🤖 AI Summary
Current multimodal large language models (MLLMs) face three key bottlenecks in long-horizon robotic manipulation: insufficient explicit planning capability, limited perception of object affordances, and inability to predict precise manipulation trajectories. To address these, this work formally defines and models the three core capabilities of a “robotic brain” and proposes a unified end-to-end framework built upon an MLLM architecture. The framework integrates robot-specific and general-purpose multimodal data, supports long-video and high-resolution inputs, and introduces ShareRobot—the first high-precision, multi-dimensional annotated dataset for robotic manipulation.

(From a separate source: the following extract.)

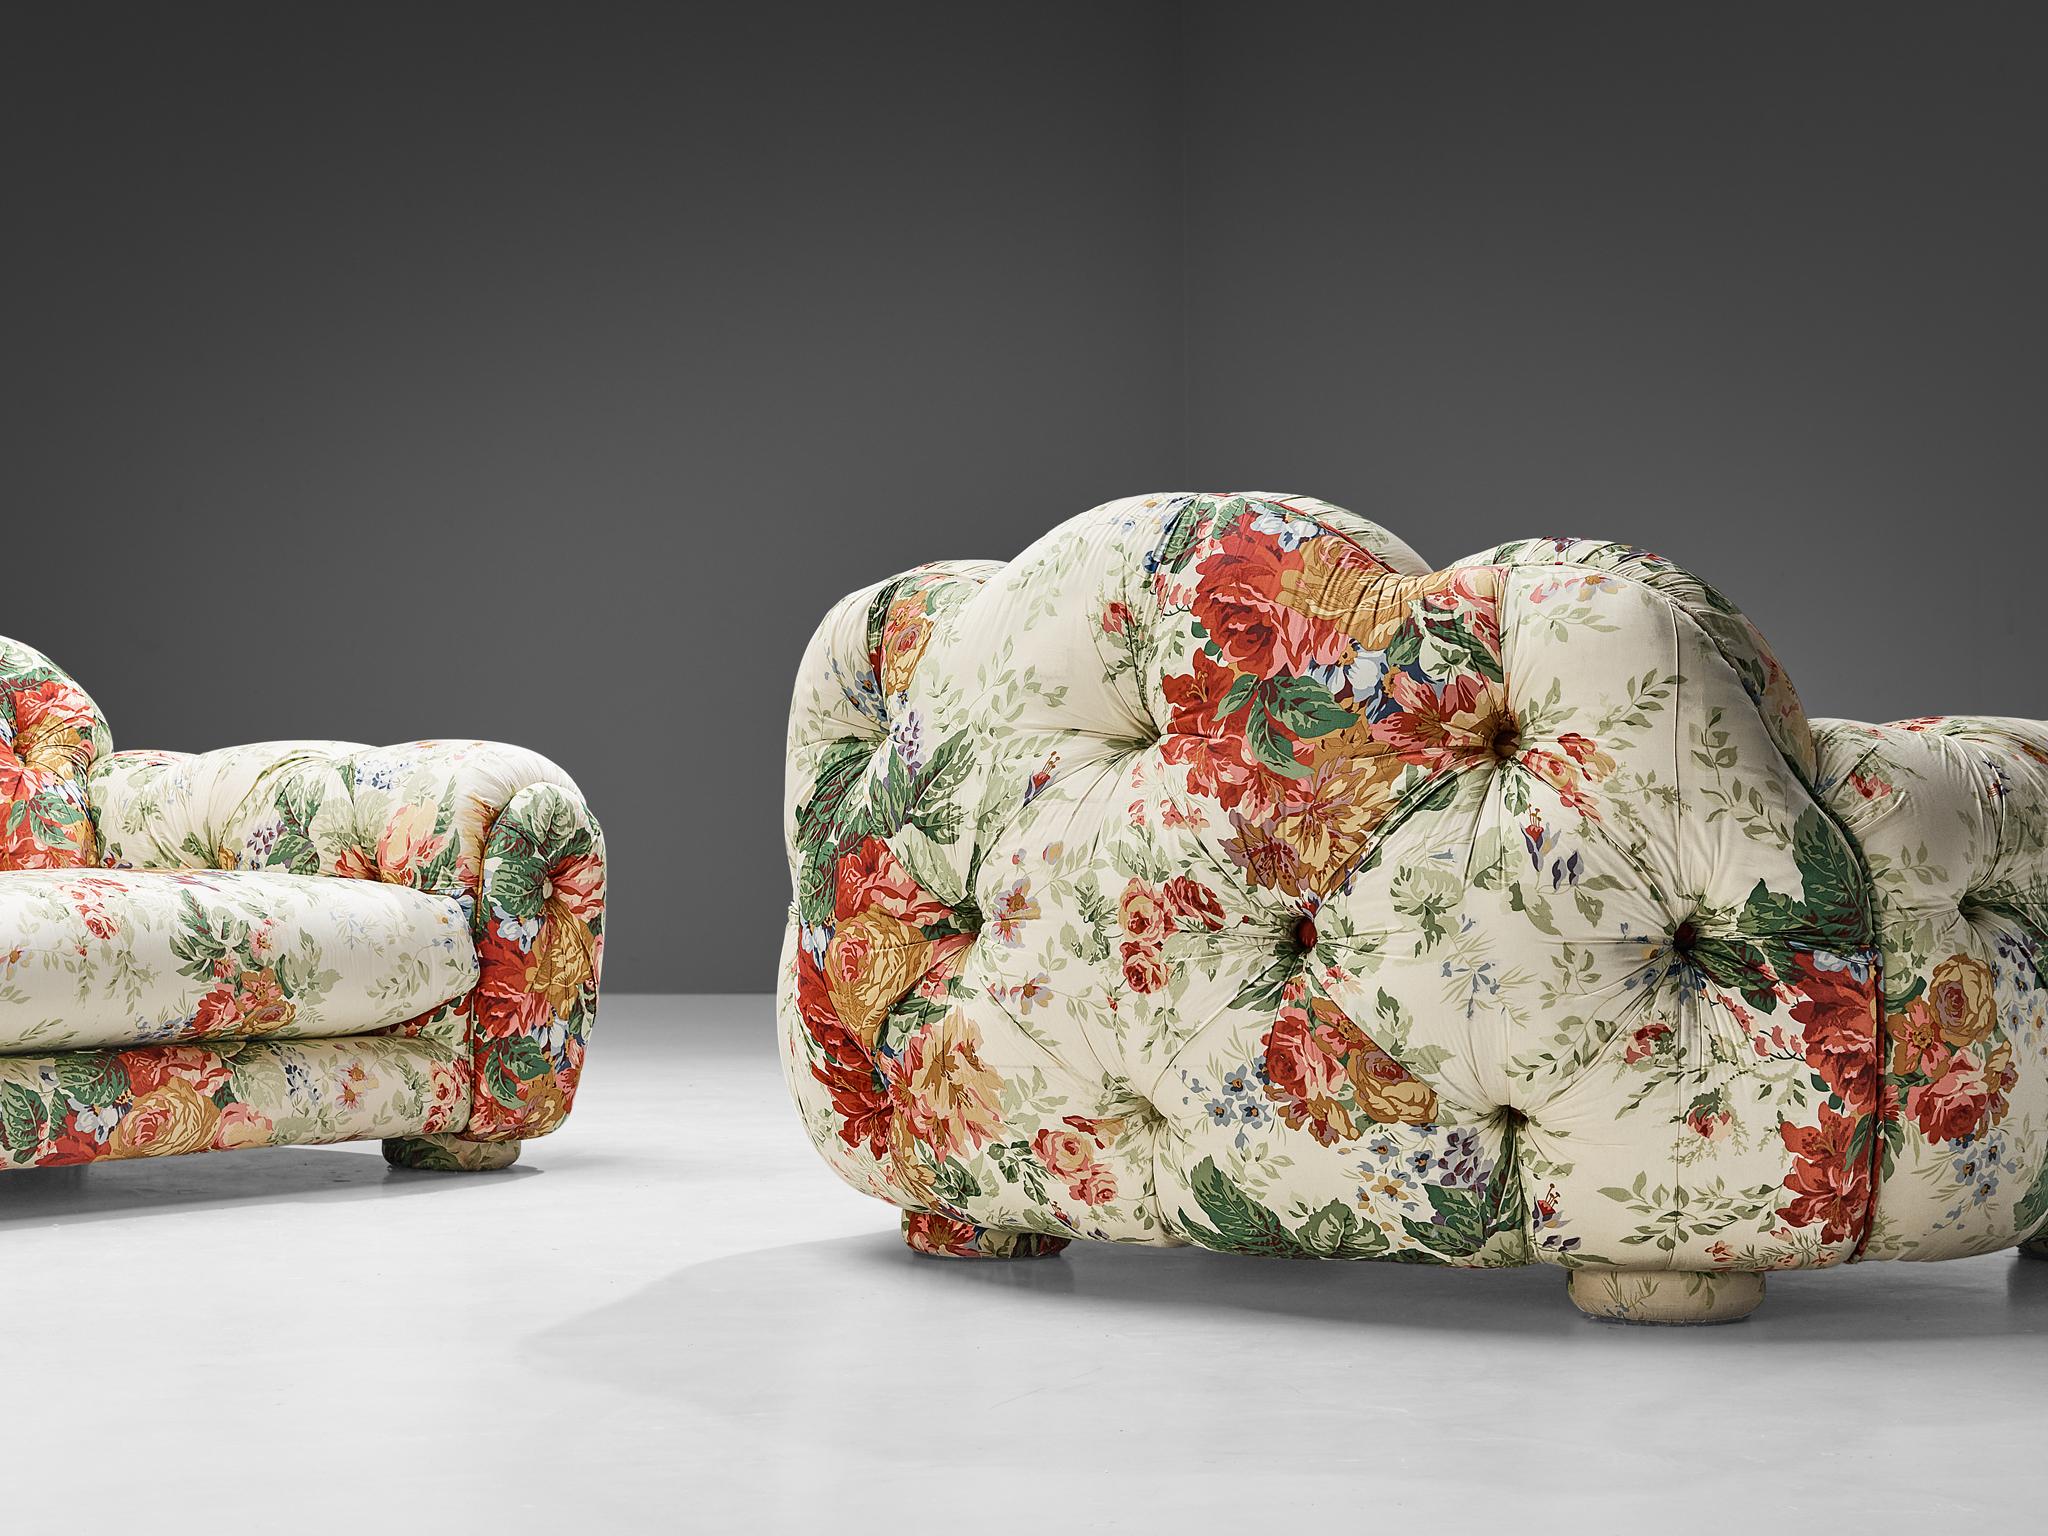 Vivai Del Sud 'Superstar' Lounge Chair in Floral Upholstery 5

A multi-stage training strategy enables joint modeling from abstract task instructions to concrete, executable manipulation trajectories. Evaluated on multiple robotic manipulation benchmarks, our approach achieves state-of-the-art performance, significantly improving task decomposition rationality, affordance understanding accuracy, and trajectory generation fidelity.
📝 Abstract
Recent advancements in Multimodal Large Language Models (MLLMs) have shown remarkable capabilities across various multimodal contexts. However, their application in robotic scenarios, particularly for long-horizon manipulation tasks, reveals significant limitations. These limitations arise from the current MLLMs lacking three essential robotic brain capabilities: Planning Capability, which involves decomposing complex manipulation instructions into manageable sub-tasks; Affordance Perception, the ability to recognize and interpret the affordances of interactive objects; and Trajectory Prediction, the foresight to anticipate the complete manipulation trajectory necessary for successful execution. To enhance the robotic brain's core capabilities from abstract to concrete, we introduce ShareRobot, a high-quality heterogeneous dataset that labels multi-dimensional information such as task planning, object affordance, and end-effector trajectory. ShareRobot's diversity and accuracy have been meticulously refined by three human annotators. Building on this dataset, we developed RoboBrain, an MLLM-based model that combines robotic and general multi-modal data, utilizes a multi-stage training strategy, and incorporates long videos and high-resolution images to improve its robotic manipulation capabilities. Extensive experiments demonstrate that RoboBrain achieves state-of-the-art performance across various robotic tasks, highlighting its potential to advance robotic brain capabilities.